:: Recorded information ::

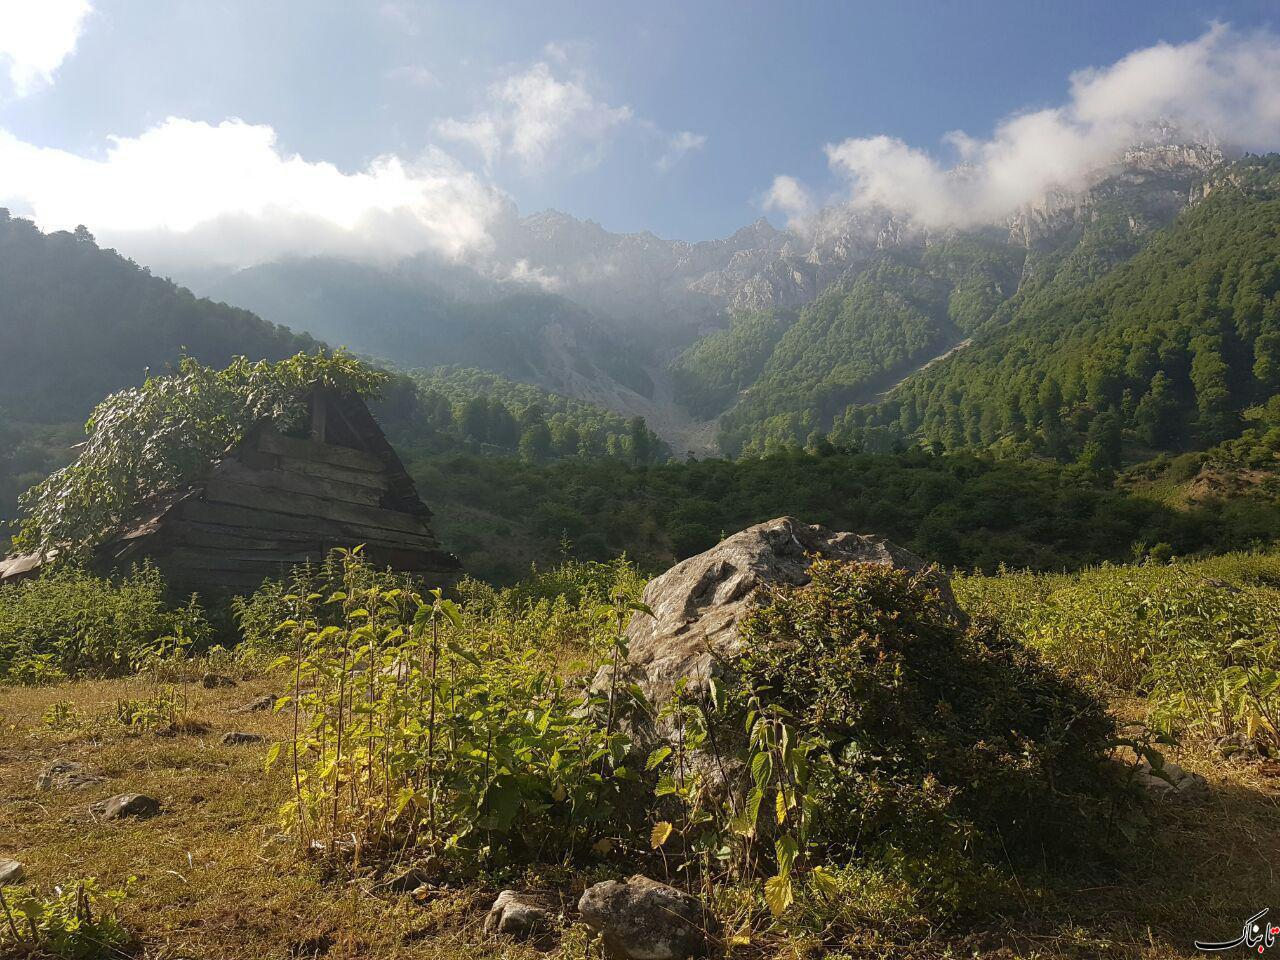 طبیعت روستای برنت - سوادکوه
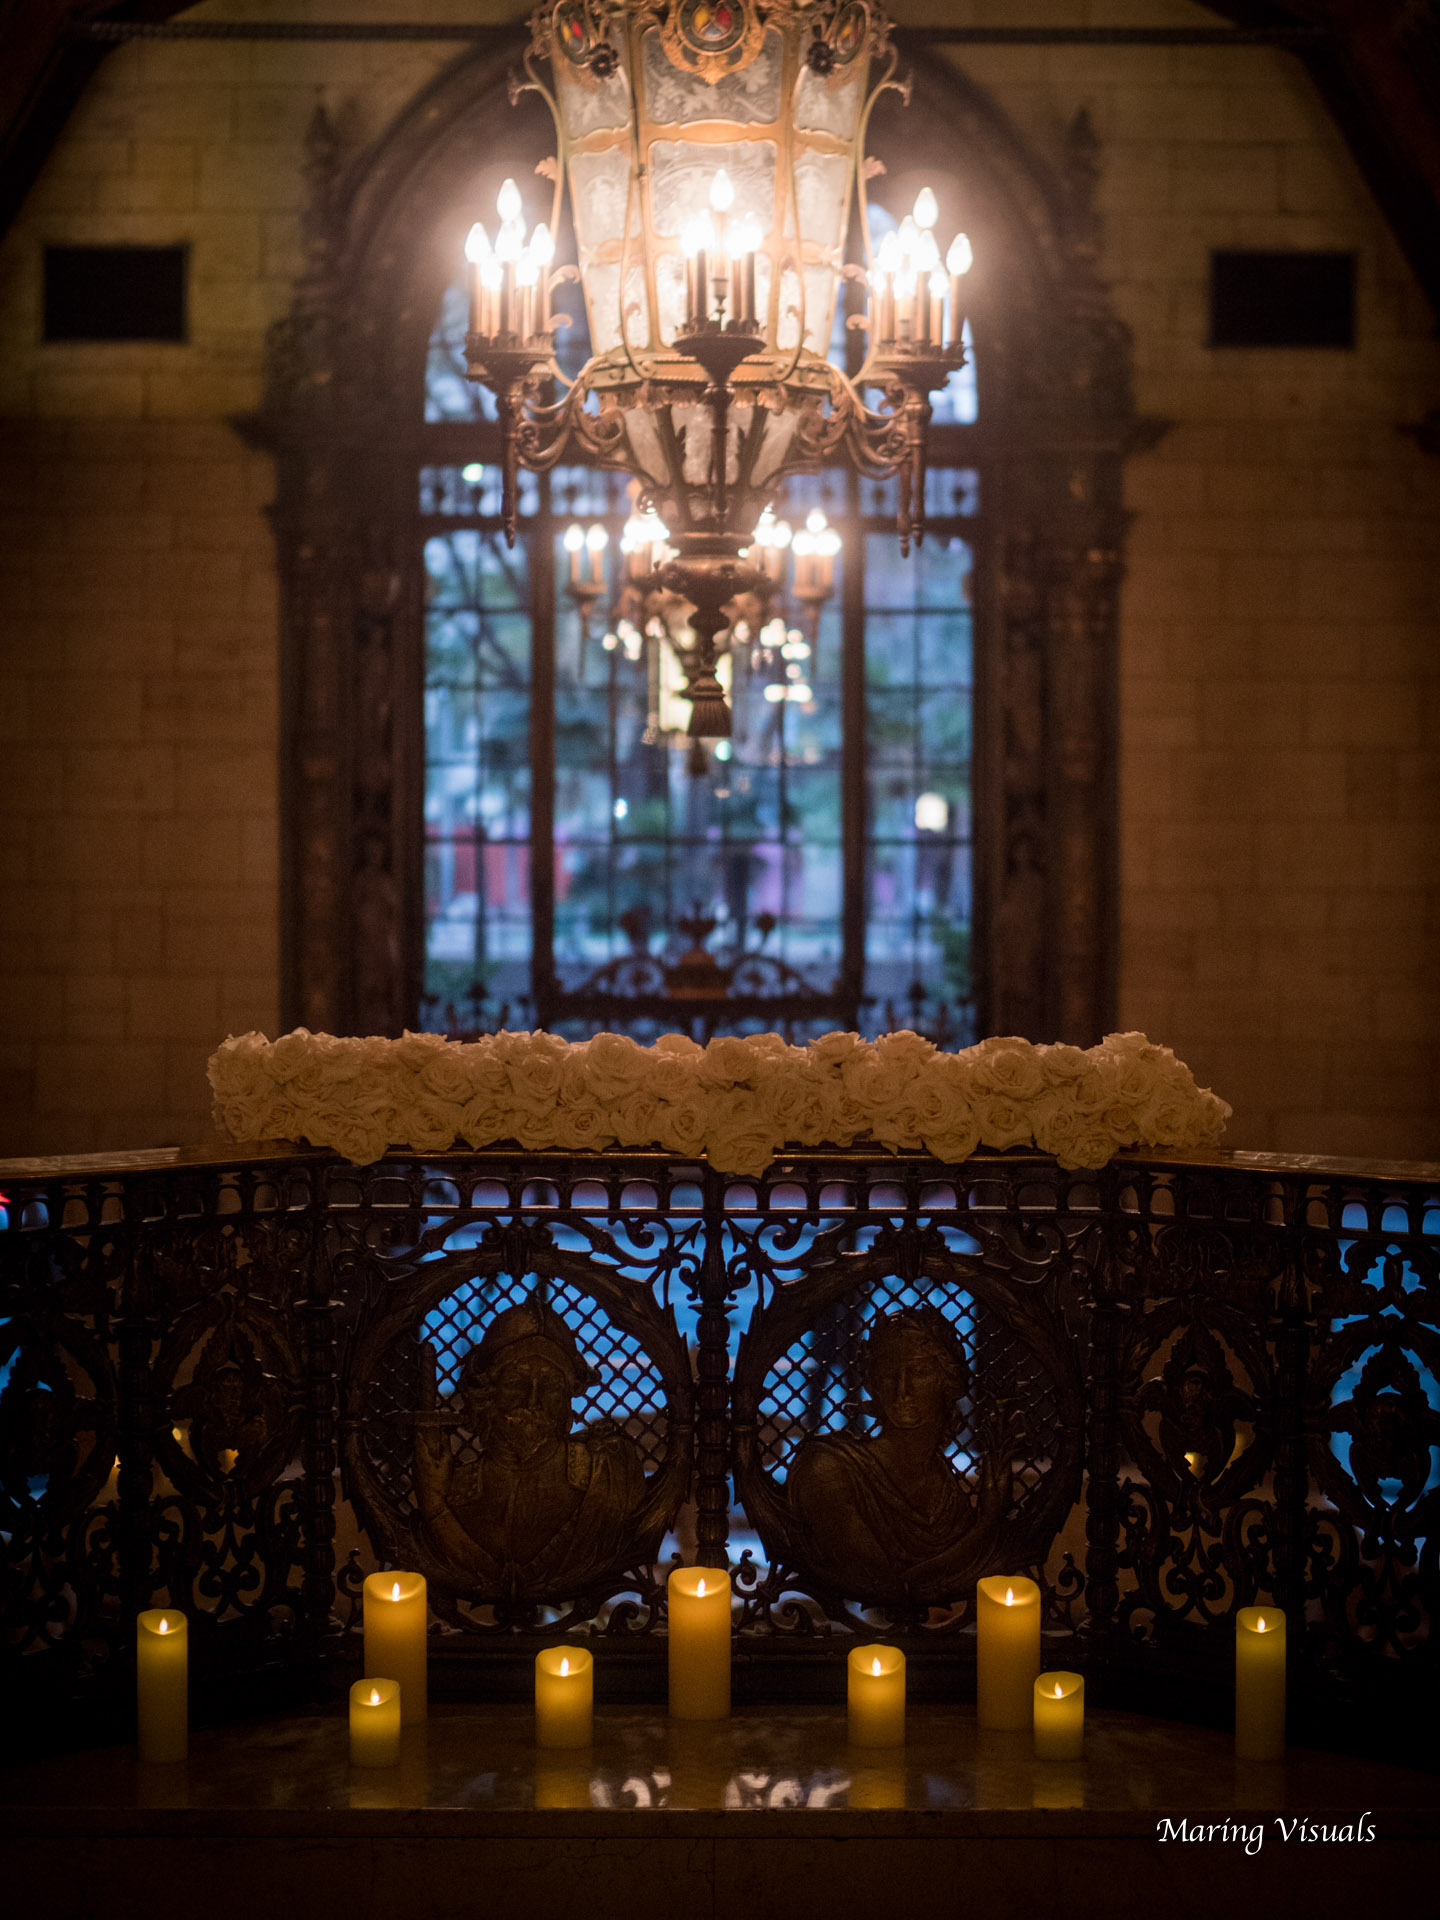 David Tutera Weddings by Maring Visuals 00539.jpg
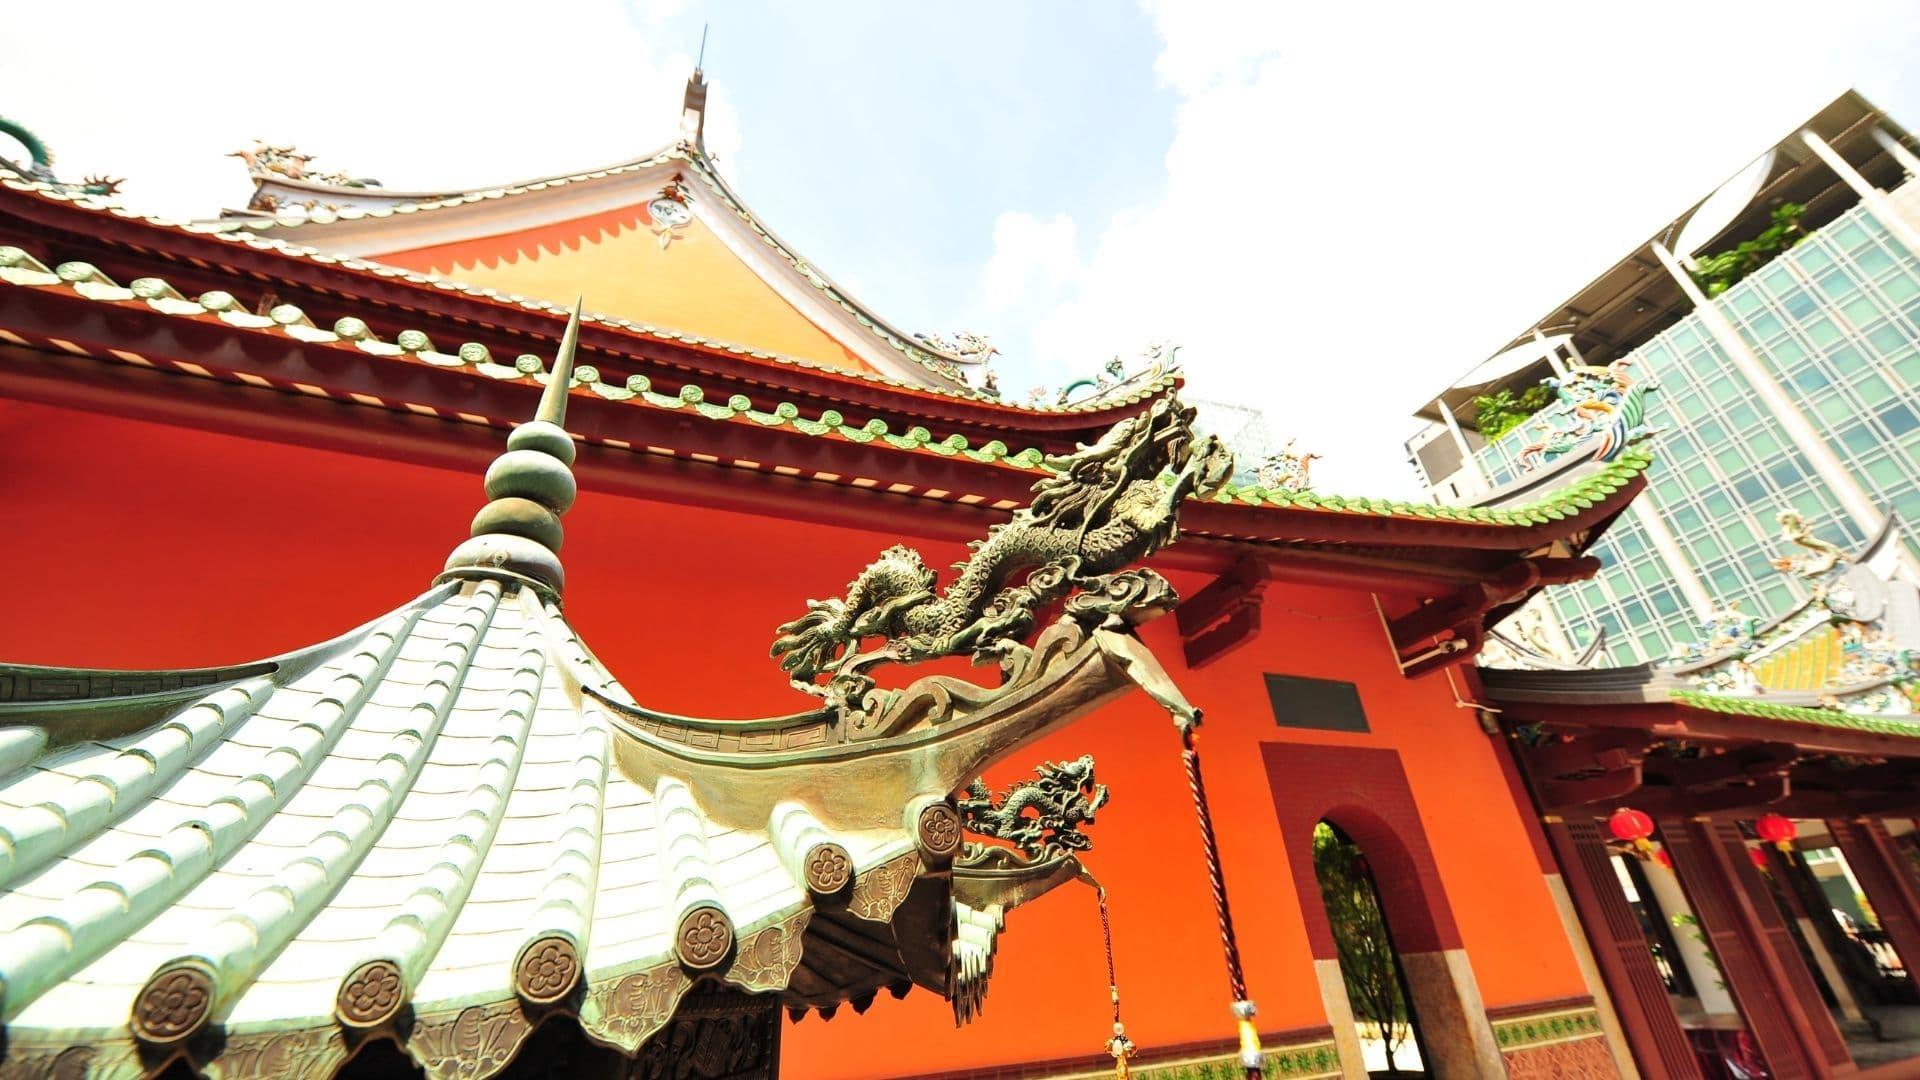 Fachada del Templo Thian Hock Keng

:::

### Problem
Return the listing unchanged, but drop every picture.

### Your solution
 طبیعت روستای برنت - سوادکوه
 David Tutera Weddings by Maring Visuals 00539.jpg
 Fachada del Templo Thian Hock Keng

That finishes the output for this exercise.